Running Clock

A buddy asked me a question.
He wanted to know why if there was a running clock to shorten a game where a team was overmatched-----why were the first teamer’s still playing?
I didn’t have a good answer.
What do you people think?

We generally will slowly start rotating our JV kids in throughout the 3rd quarter.
Some coaches wait until the team that is down to pull their starters then rotate their JV kids in.
Also, kids get 5 quarters. Can’t throw your jv kids all in the game in the 3rd quarter and have them for 4 quarters in their game.

One thing is teams need to remain in game shape. If team A is kicking the tar out of team B and it’s only second quarter team A still needs reps and game conditioning. This is one example I’d see.

Just speculating, but maybe to work on formations and plays that aren’t necessarily that successful for you. Example, you may be a team that runs the ball 95% of the time, you get a running clock, that’s a great time to work on the passing game

Max qtrs per year in both Ohio & Wv is 50 (excluding playoffs) and the limit per day is 4.

And you get 40 total quarters per year /per player and some coaches don’t go by that rule for players who play freshman/JV/varsity . 40 quarters is for safety.

It is 50 per year, as Fanosports said. That’s odd that some coaches wouldn’t follow the rule knowing that it is an OHSAA regulation.

once the running clock starts it shouldnt stop!
one team puts in jv and other keeps their varsity in
then all of a sudden 30 becomes 14 and you are forced to put varsity back in and start playing

Some smaller schools simply can’t sub in another group of kids and keep rolling.

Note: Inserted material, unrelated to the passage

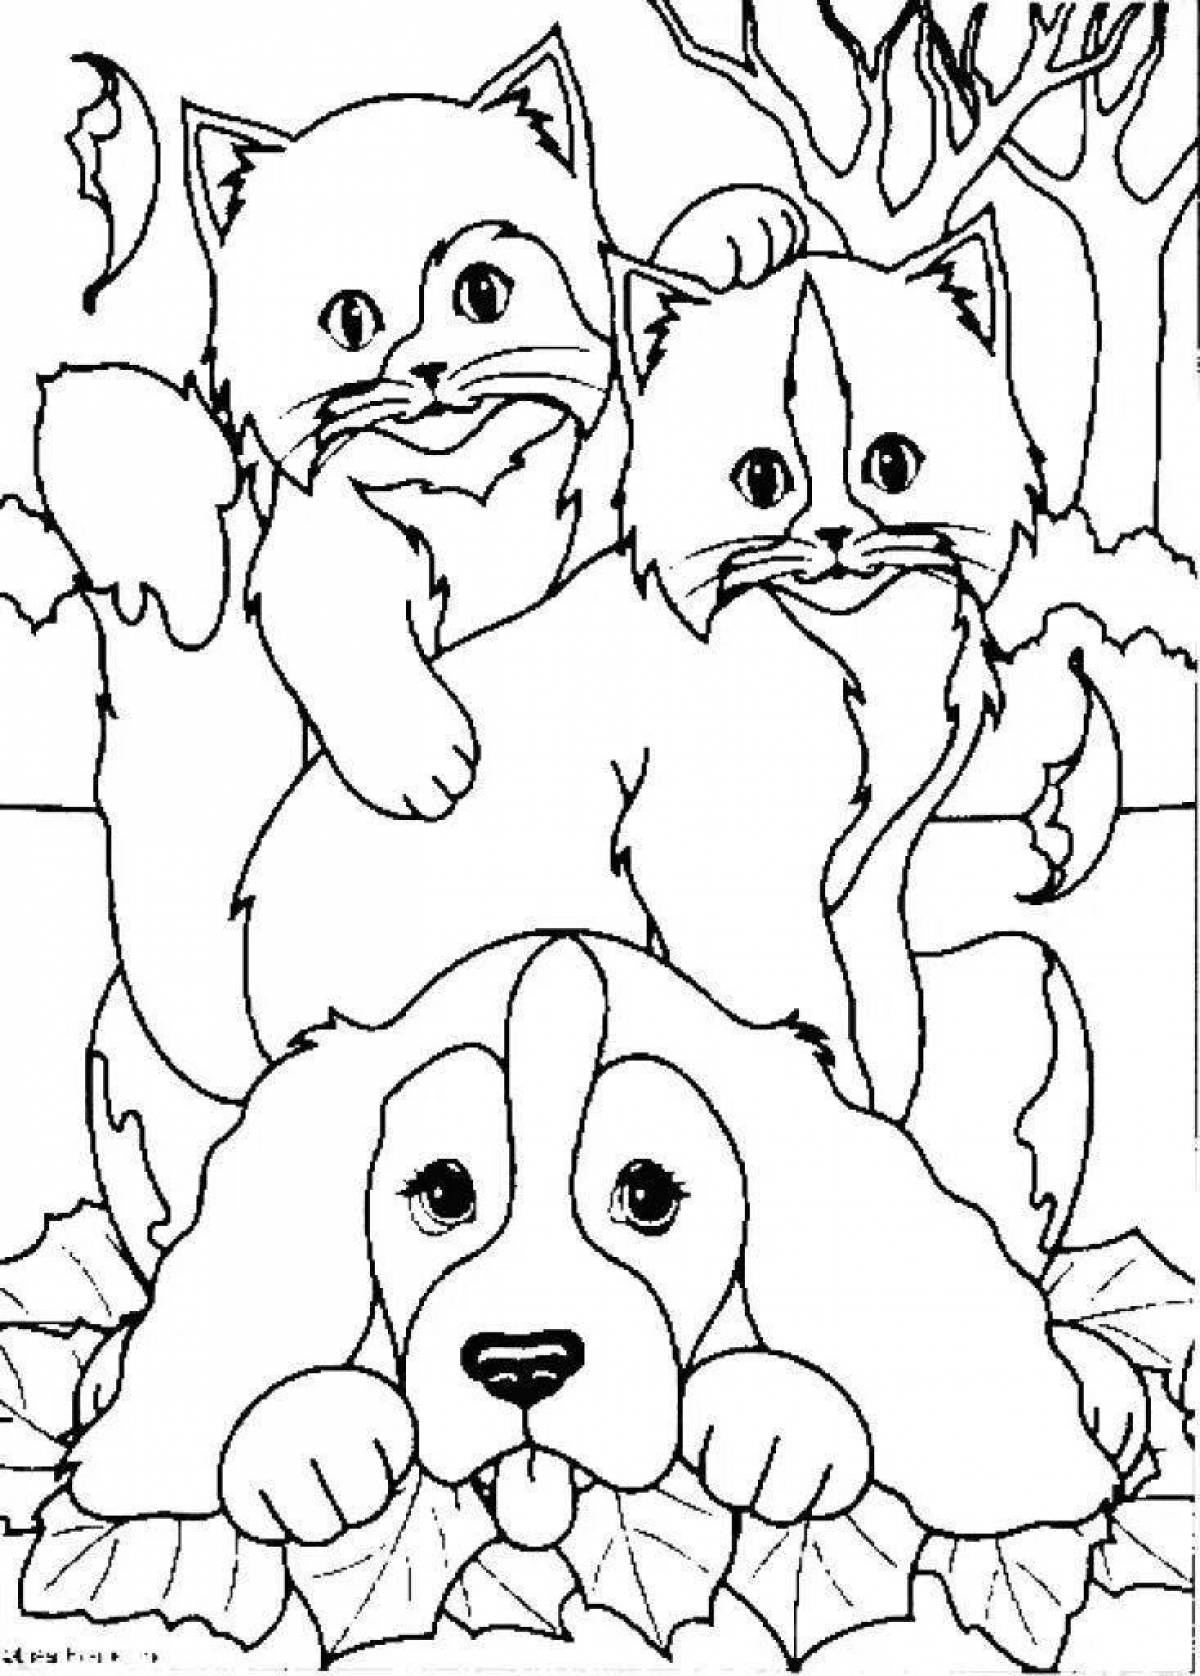 Fun coloring pages of dogs and cats for kids

It is a sticky situation. Beat a team too bad and sub too much, too early, your starters don’t get enough reps to prepare for playoffs. Sub too early, the opponent losing doesn’t sub at all and their varsity runs all over the 2’s and 3’s and makes the coach put in starters and risks getting someone hurt coming off the bench cold.

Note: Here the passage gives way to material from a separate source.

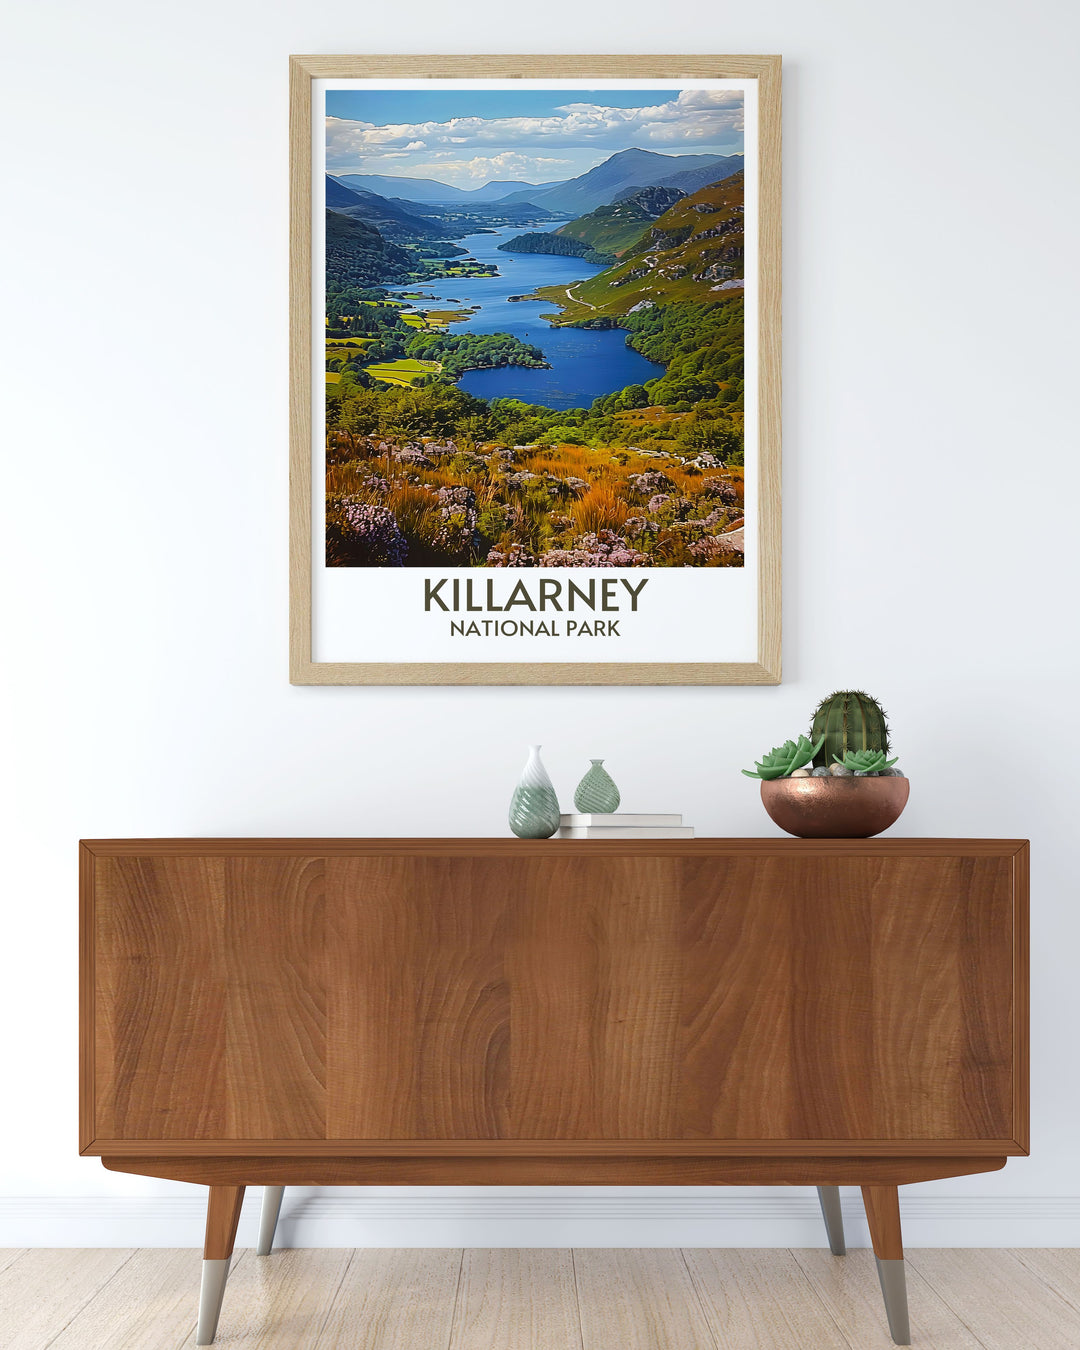 Art print of Ladies View, offering stunning vistas over Killarneys lakes and mountains, perfect for a serene home decor theme

Bobby Bowden’s quote applies here, “it’s my job to score, it’s your job to stop me.” It may sound cruel, but there’s a lot that goes into a game, even blow outs where there is a running clock.

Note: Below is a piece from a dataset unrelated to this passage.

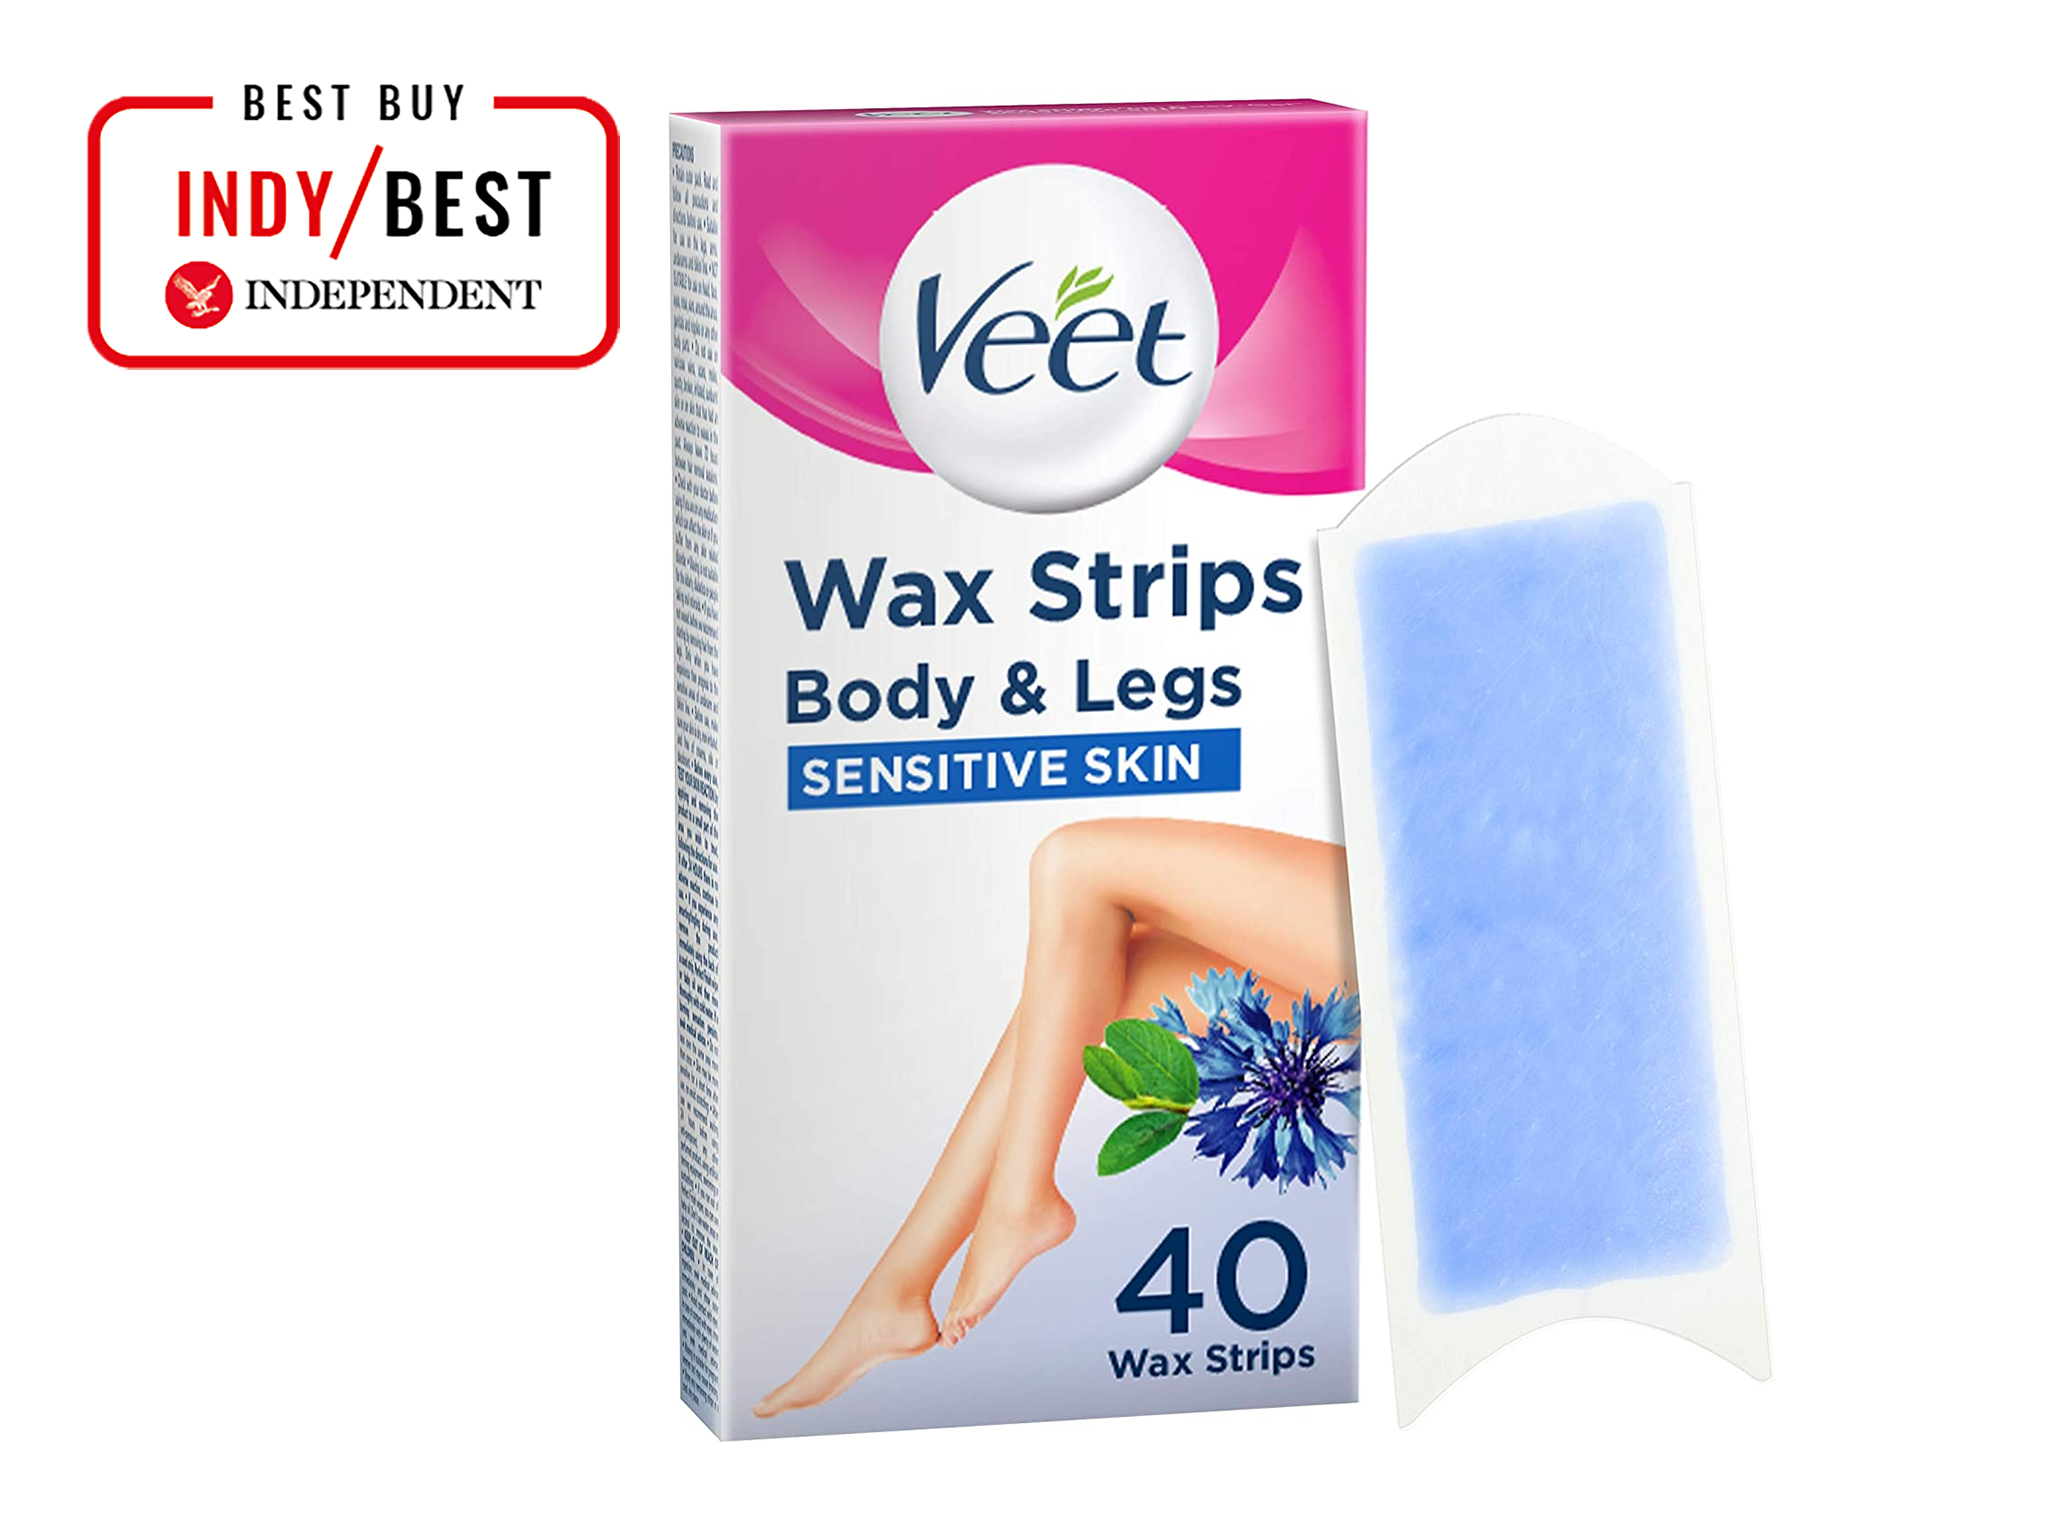 wax strips for sensitive skin for body and legs

I hate running clock it ruins the reps for younger players and older players that don’t start.

At Nelsonville York, we use a running clock as a goal for our program. It’s how we know where we are as a team.

I disagree with a running clock. Put your second string and jv in. What better way for the kids of next year to learn. have reps at a full speed game. I think you learn the most thru a loss. I feel it’s like giving up. You play the whole game. I read earlier this year when green played the Hannah wv school the green coach ask to shorten quarters or a running clock and the losing coach said no we are playing the full game. I assume since they score 84 there was a running clock

When games get out of hand, a few really bad things can happen and that’s why the running clock has been implemented:

  1. Quicker endings in blowouts lead to fewer injuries. I’ve witnessed season ending injuries that could have been avoided by a running clock.
  2. Unnecessary ejections by both teams. When a team gets down, there are times that they get the attitude of “hey, lets start trouble and get thrown out”, leading to problems.
  3. What does it teach anyone by winning like Green did scoring over 89 points on Hannan, WV? Just leaves bad tastes in players mouths for future and can even lead to erosion of a program.

While other schools may think these, they definitely do not LOL :laughing:

Very good points.

It has its good and bad points. It still doesn’t stop some scores from getting out of hand. Mayby keep having it,and mayby after Halftime if the losing team falls behind by 50 pts, consider stopping the game. Something like the 10 run rule in Softball.

I think it’s a great thing. I wish they would put it in the second quarter if you’re down by more than 40.

Didn’t realize it is now 50 quarters per year. I reffed enough local games where some kids from a school would play 4 quarters of freshmen football. 4 quarters of JV football and a quarter of varsity football all in the same week for most of the year. 50 is the rule, but it’s strictly on the honor system.